The aura of myth surrounding this lord is so strongly
imbued that I can often scarcely prevent myself from
believing the tales which are told in such great detail
about him, even when I was actually with him at the
very moment which is being described.^1

Thus wrote no less a person than Field Marshal Count Gottfried Heinr-
ich Pappenheim about Wallenstein early in 1630. His problem is under-
standable, because while Gustavus Adolphus became a legend in his own
lifetime Wallenstein had already long since become more myth than
man to many of his contemporaries. Tales accumulated around him.

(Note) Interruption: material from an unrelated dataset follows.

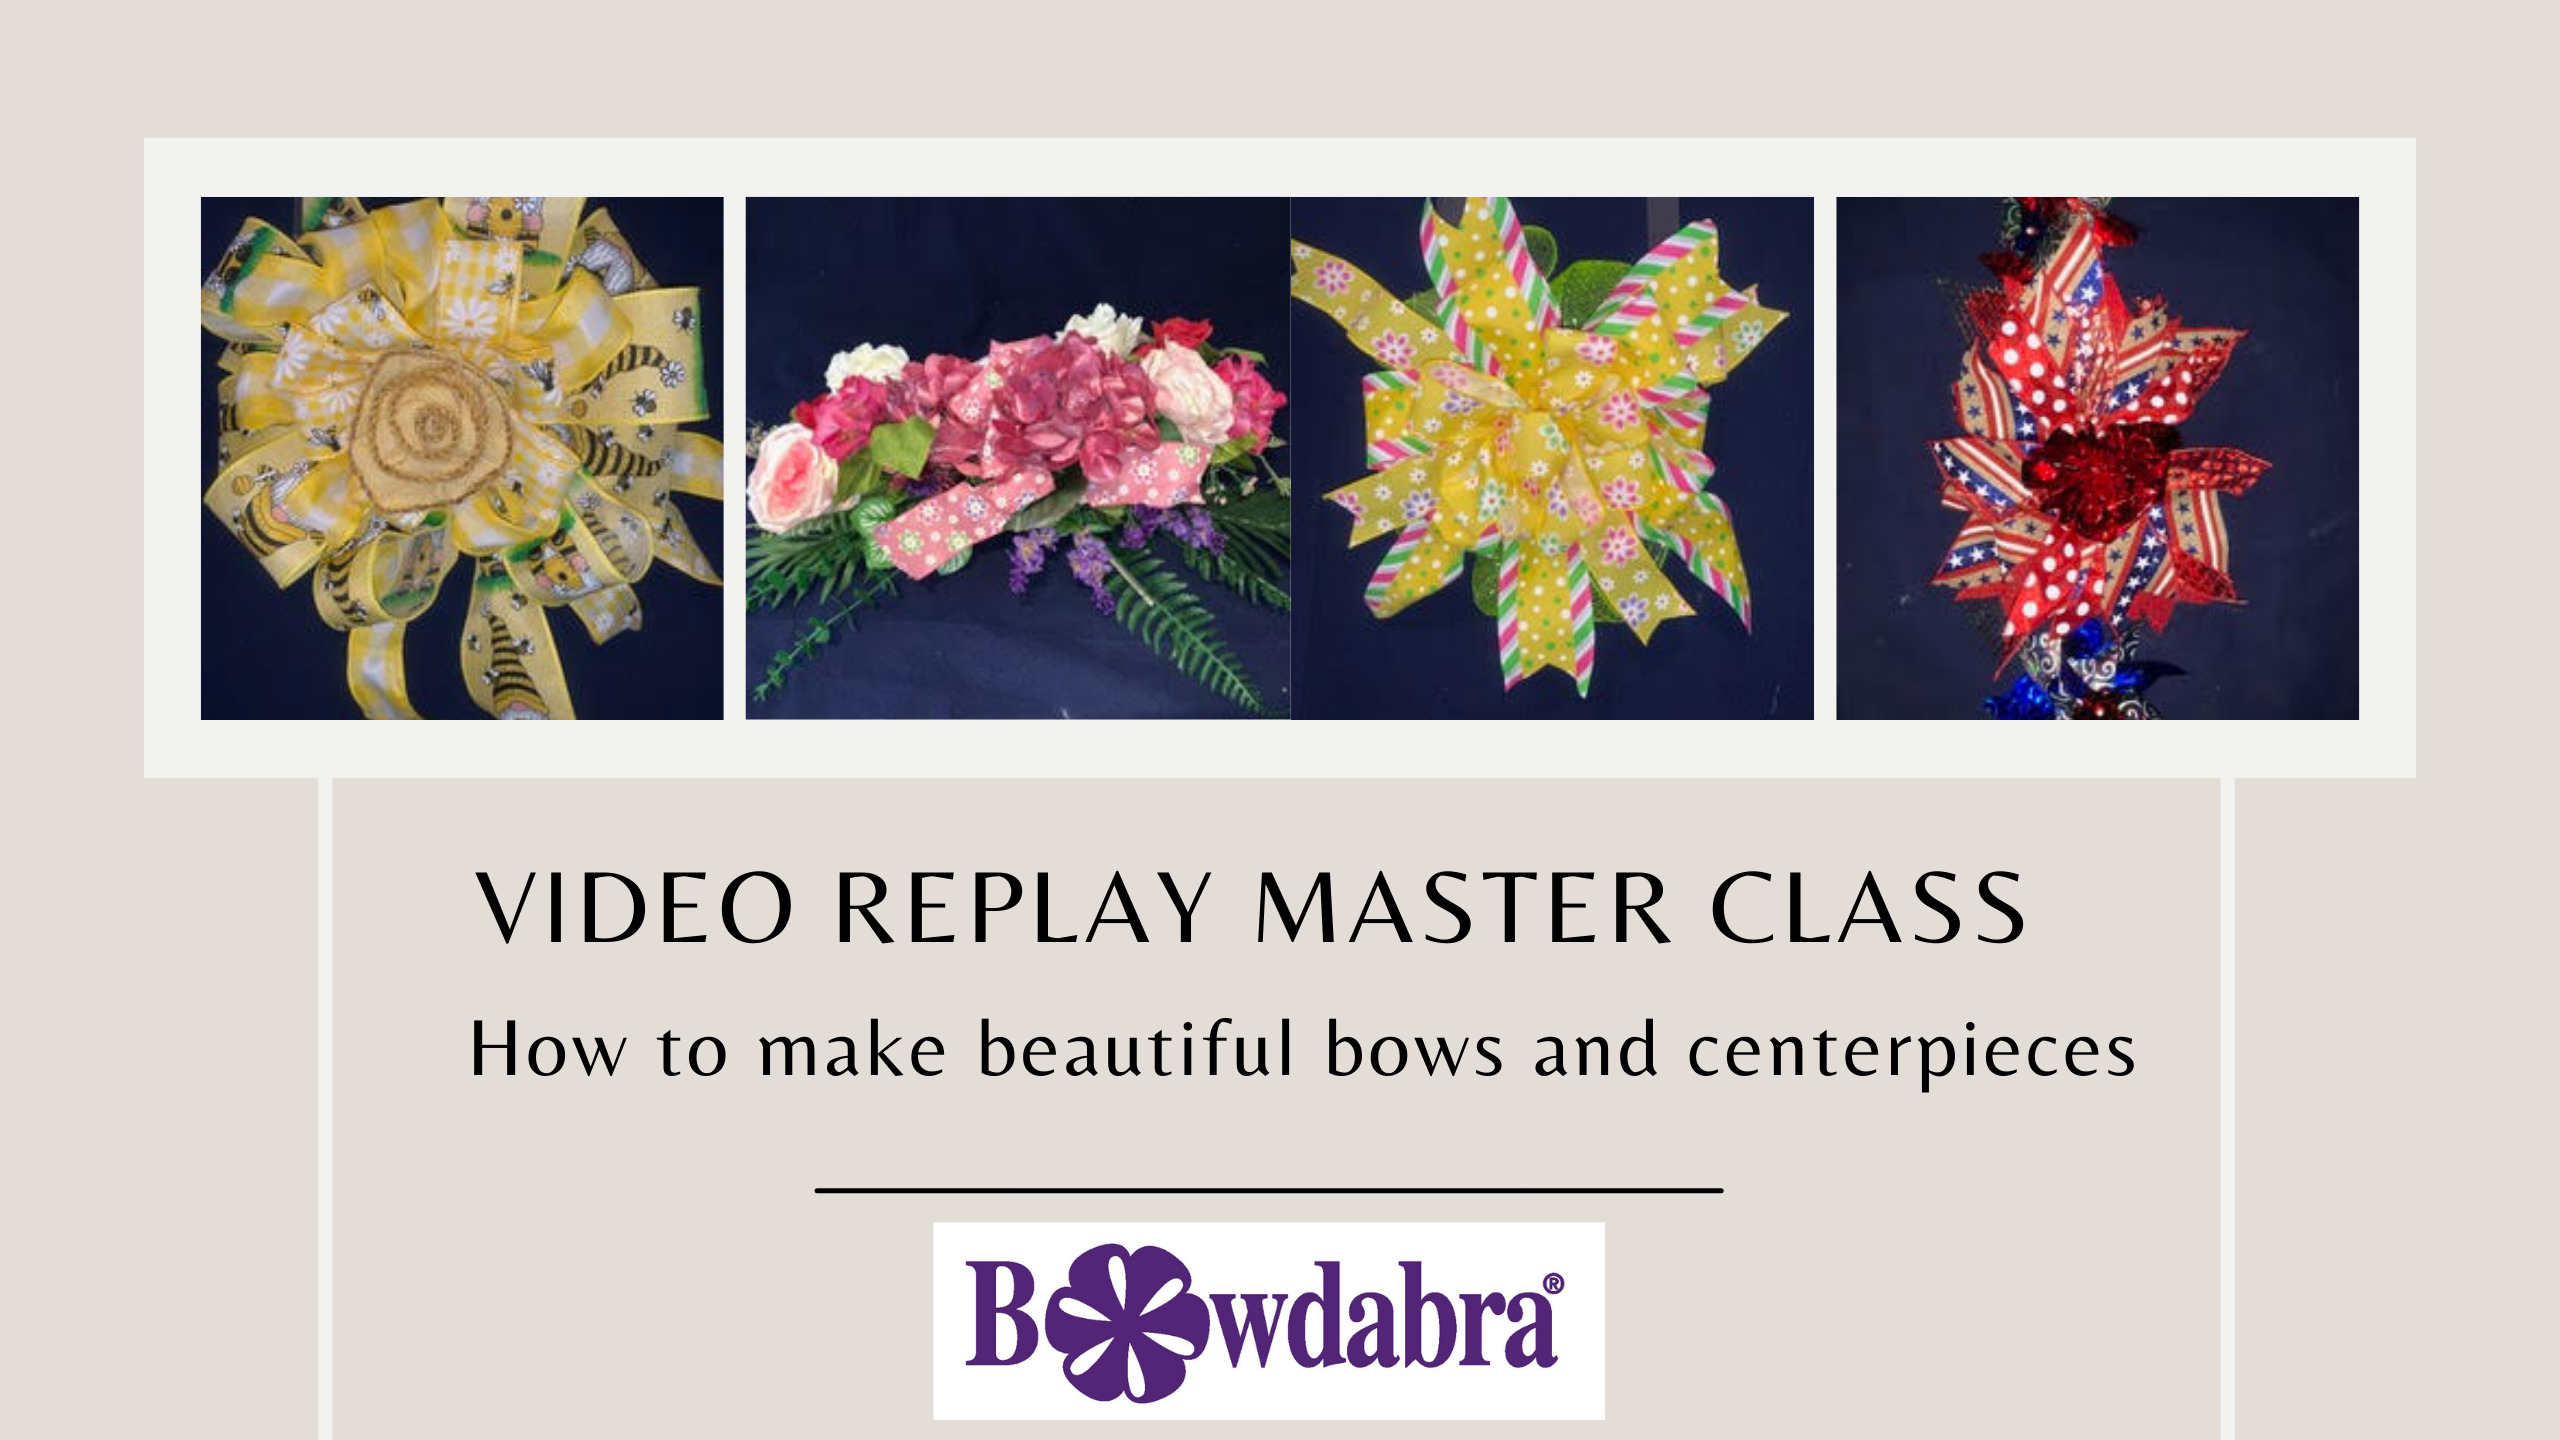 So do you want to make beautiful boutique hair bows? Bowdabra bow maker  helps you make all sorts of ha…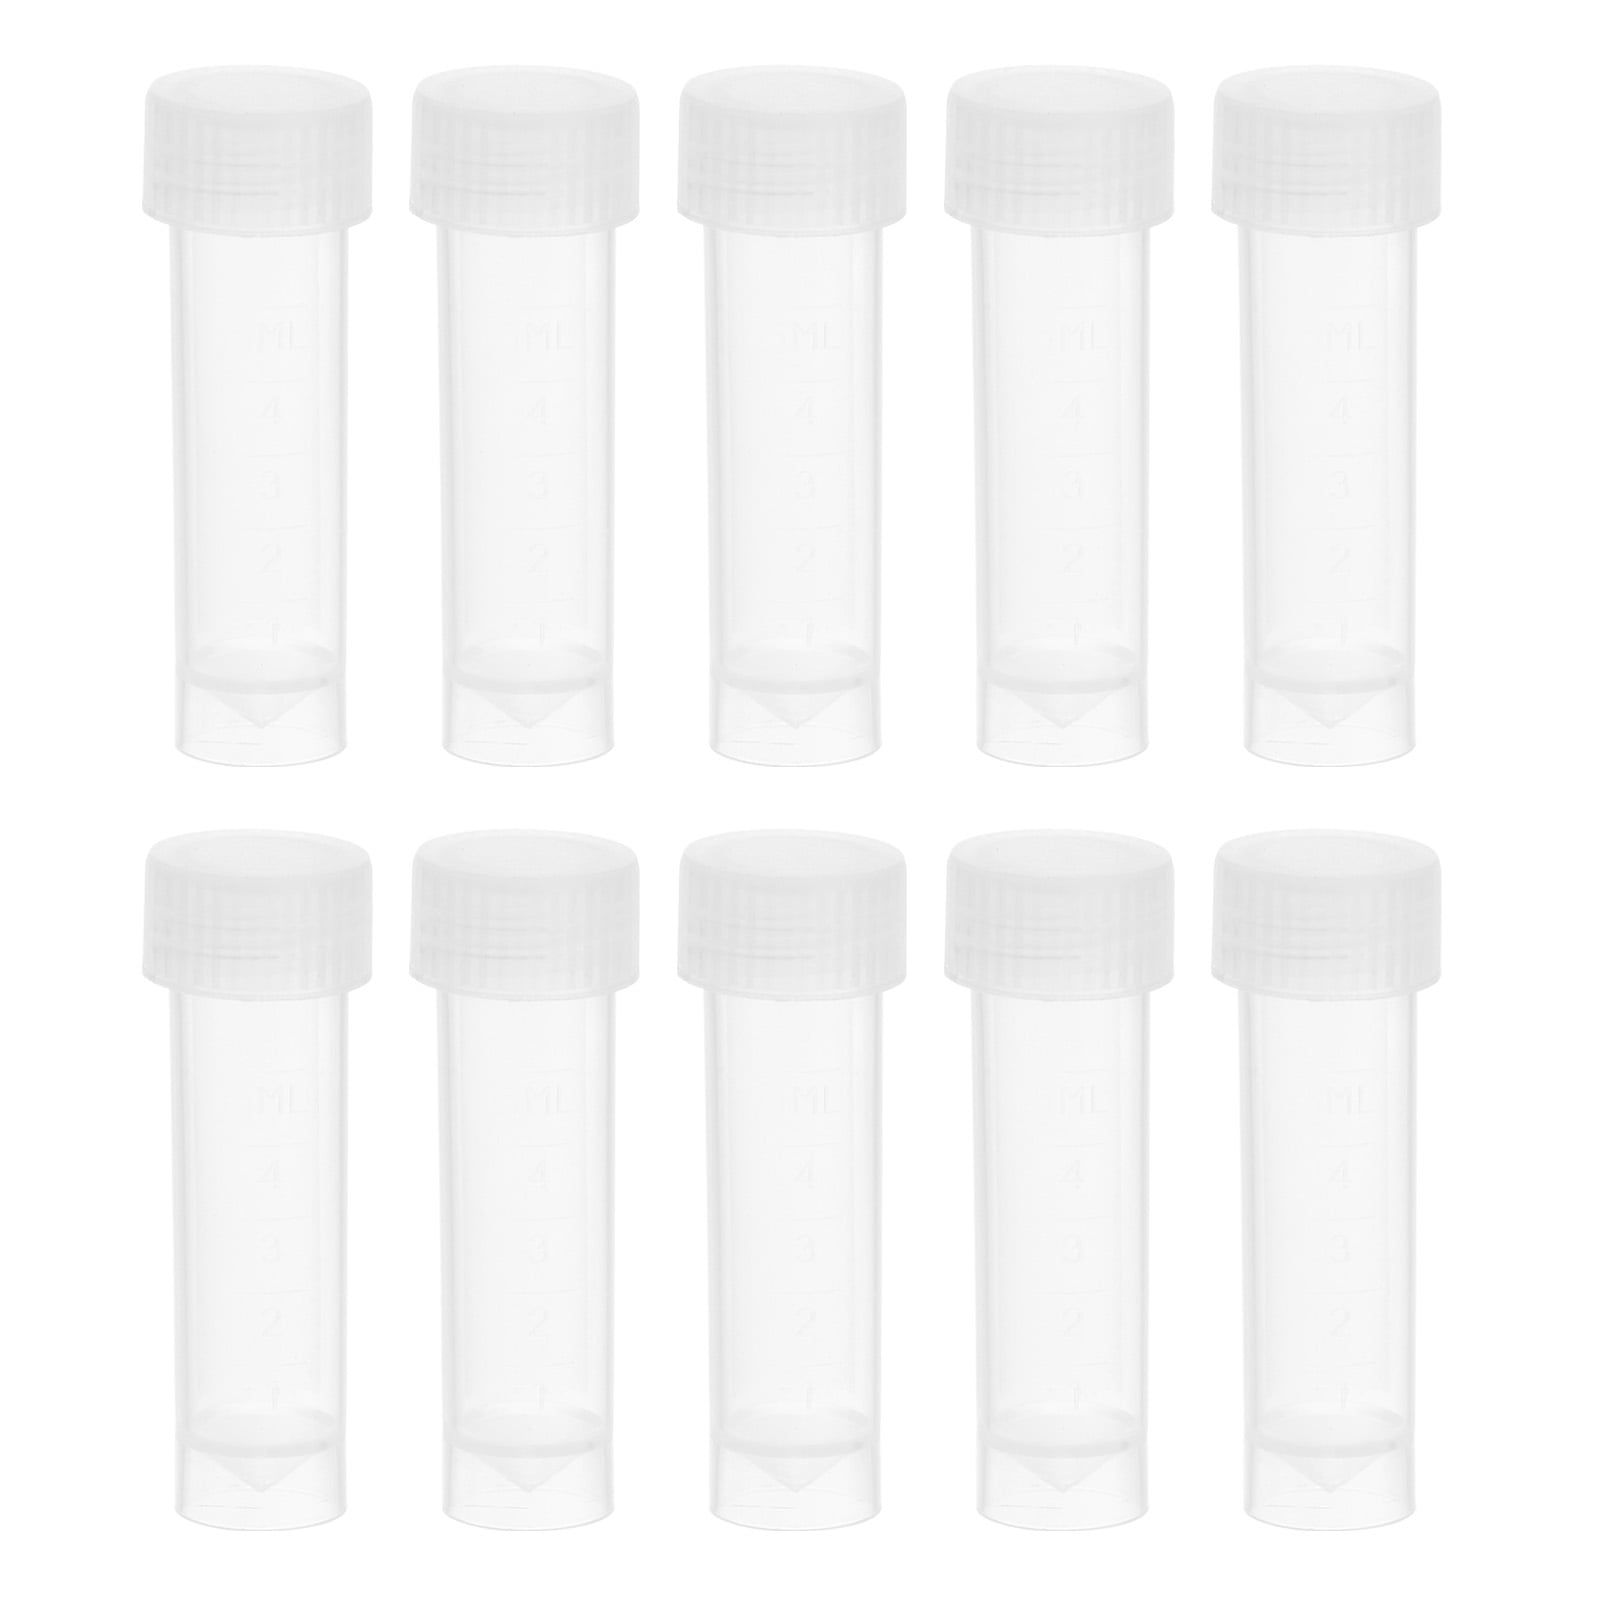 Healifty 10pcs Clear Plastic Needles Storage Tubes Sewing Needle Container Holder Organizer with Cap

He was, so it was claimed, bulletproof, a common soldiers’ superstition
about those who always seemed to emerge unwounded from the thick
of the fray. The story was that he had turned Catholic after miraculously
escaping unhurt from a fall, having dozed off on a high window-ledge
while serving as a page in the household of the margrave of Burgau. His
first wife Lucretia had been, it was incorrectly mooted, much older than
him, so that she had resorted to love potions to keep him faithful. It was
rumoured that he could not stand the least noise, and even dogs had
to be cleared from the district while he was in residence. His tempers
were said to be terrible to behold, but he was supposedly submissive to
the dictates of the stars due to an obsession with astrology. He was even
blamed by some for the outbreak of fires in Prague and Vienna shortly
after his arrival in the respective cities early in 1627.^2
Such colourful details added to the actual drama of his demise to
make him an attractive subject for writers, and within a year or two
of his death plays appeared on the stages of Madrid and elsewhere,
including Henry Glapthorne’s Tragedy of Albertus Wallenstein in London.